By talking to them as if they were children, incapable of introspection or self-honesty, Senator? Is that how you respect Americans?

Only in America can someone claim to represent the working class after pulling down $100 million over the past six years. Only in this political climate would a candidate have the gall to call someone who only made $30,000 a year a few years ago “elitist and out of touch” with working people.

It was a disgraceful performance by Clinton, who seems to share her husband’s delusion that if you are nice to the far right, they’ll be nice to you. It’s time for tea with your good friends, Rupert Murdoch and Richard Scaife, Mrs. Clinton. You can discuss how to make Obama look elitist.

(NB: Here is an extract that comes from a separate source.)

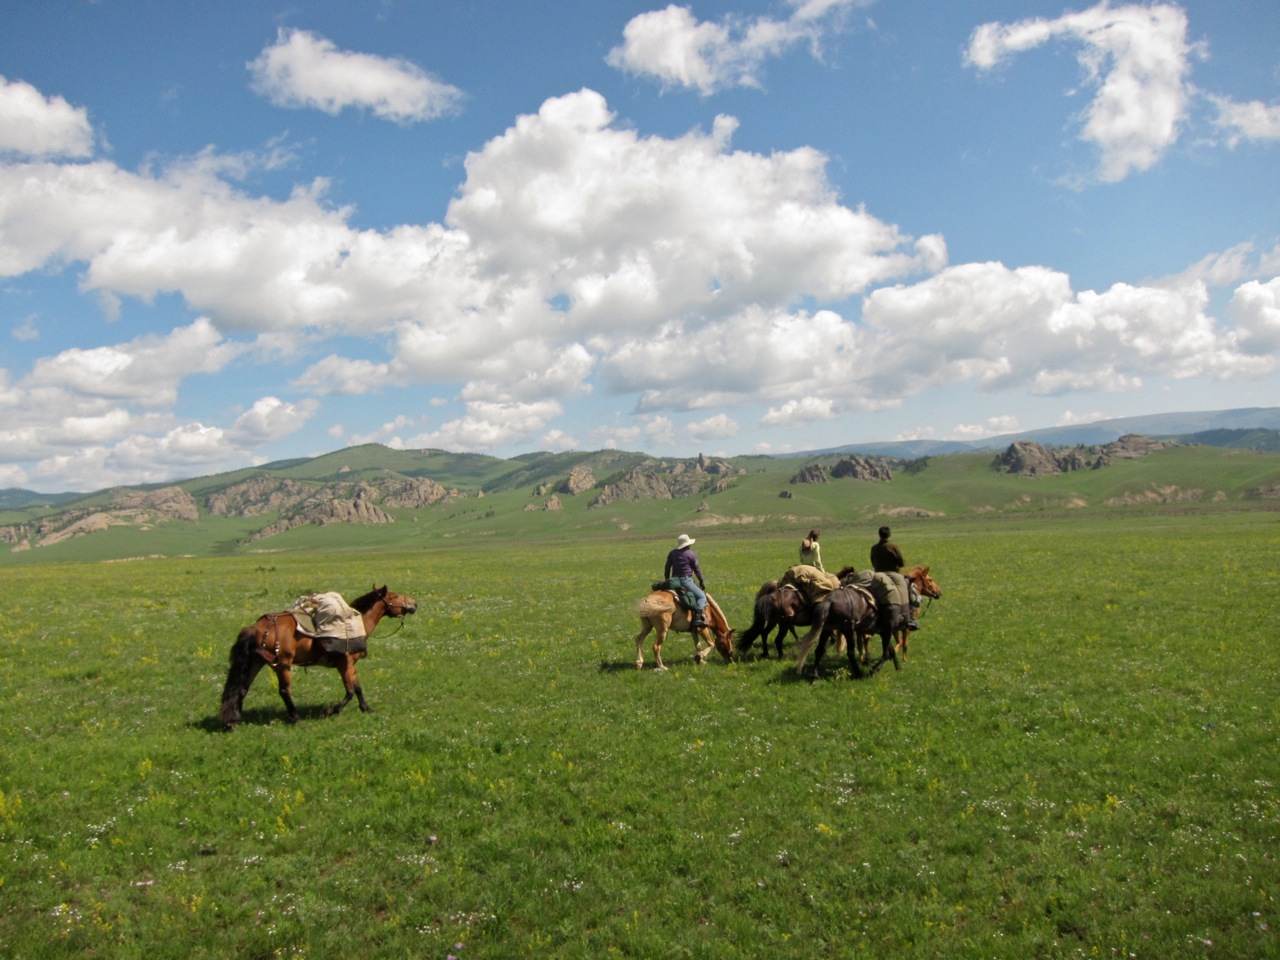 Pack horses in Mongolia, Gorkhi-Terelj National Park

McCain tried to exploit it, too, but he’ll have trouble getting any traction from it. The multiple homes and shop-worn trophy wife don’t exactly mark him as a working class hero, and if he isn’t the worthless third-generation whelp in a family of idle billionaires like Putsch, his amassed fortune can’t take close scrutiny. (Clinton, at least, came by her money honestly). The idea that McCain represents ordinary working people is ludicrous.

Obama, to his credit, stuck by what he said. “...[I] said something that everybody knows is true, which is that there are a whole bunch of folks in small towns in Pennsylvania, in towns right here in Indiana, in my hometown in Illinois, who are bitter. They are angry. They feel like they have been left behind. They feel like nobody is paying attention to what they're going through. So I said, well you know, when you're bitter you turn to what you can count on. So people, they vote about guns, or they take comfort from their faith and their family and their community. And they get mad about illegal immigrants who are coming over to this country. And so they pray and they count on each other and they count on their families. You know this in your own lives, and what we need is a government that is actually paying attention.”

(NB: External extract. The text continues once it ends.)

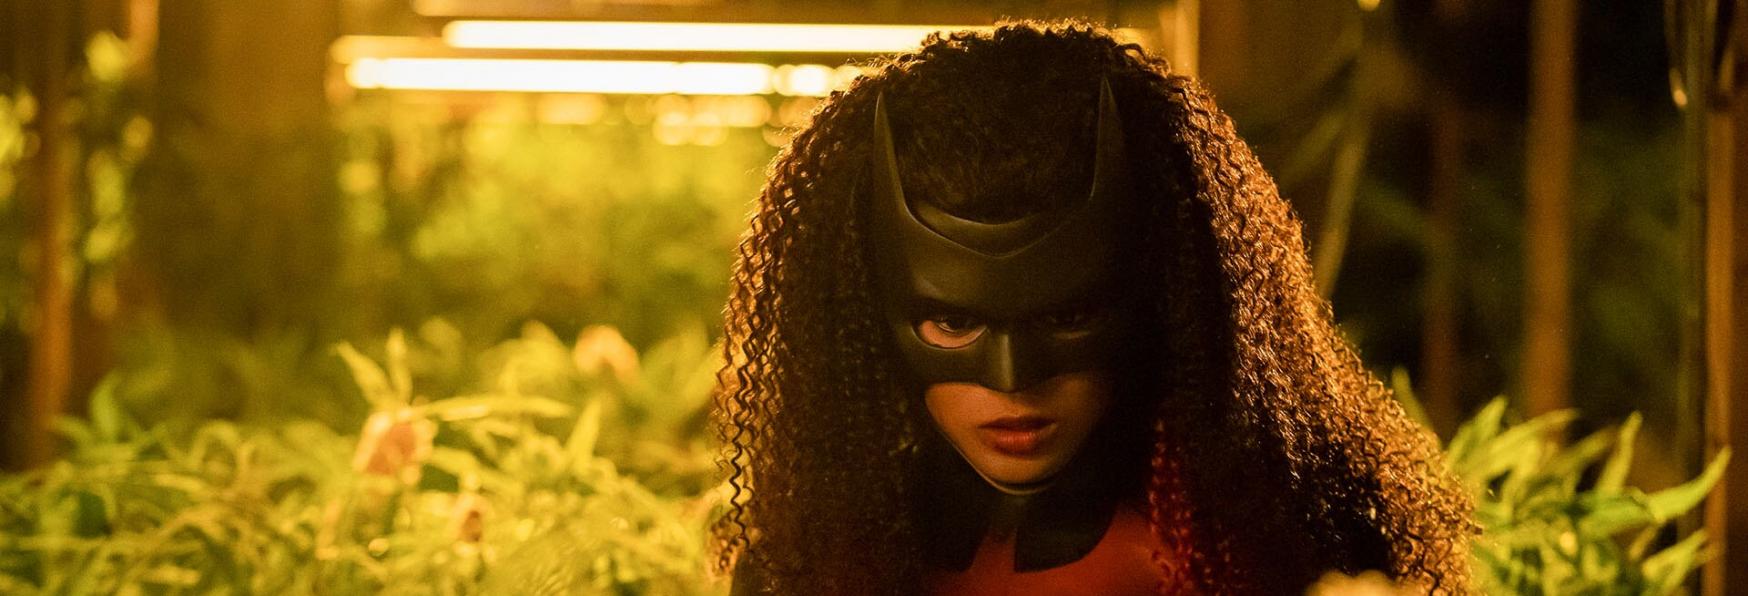 Batwoman 3x09: l'Episodio vedrà l'attesa Apparizione della vera Poison Ivy

We need a politician who can talk to us as adults. Obama seems to fit the bill.

* Stevenson, as governor of Illinois, vetoed a bill intended to punish cat owners who let their pets wander off the property, writing, “I cannot agree that it should be the declared public policy of Illinois that a cat visiting a neighbor’s yard or crossing the highways is a public nuisance. It is in the nature of cats to do a certain amount of unescorted roaming. Many live with their owners in apartments or other restricted premises, and I doubt if we want to make their every brief foray an opportunity for a small game hunt by zealous citizens—with traps or otherwise. I am afraid this Bill could only create discord, recrimination and enmity. Also consider the owner’s dilemma: To escort a cat abroad on a leash is against the nature of the cat, and to permit it to venture forth for exercise unattended into a night of new dangers is against the nature of the owner. Moreover, cats perform useful service, particularly in rural areas, in combating rodents—work they necessarily perform alone and without regard for property lines.
“We are all interested in protecting certain varieties of birds. That cats destroy some birds, I well know, but I believe this legislation would further but little the worthy cause to which its proponents give such unselfish effort. The problem of cat versus bird is as old as time. If we attempt to resolve it by legislation who knows but what we may be called upon to take sides as well in the age old problems of dog versus cat, bird versus bird, or even bird versus worm. In my opinion, the State of Illinois and its local governing bodies already have enough to do without trying to control feline delinquency.”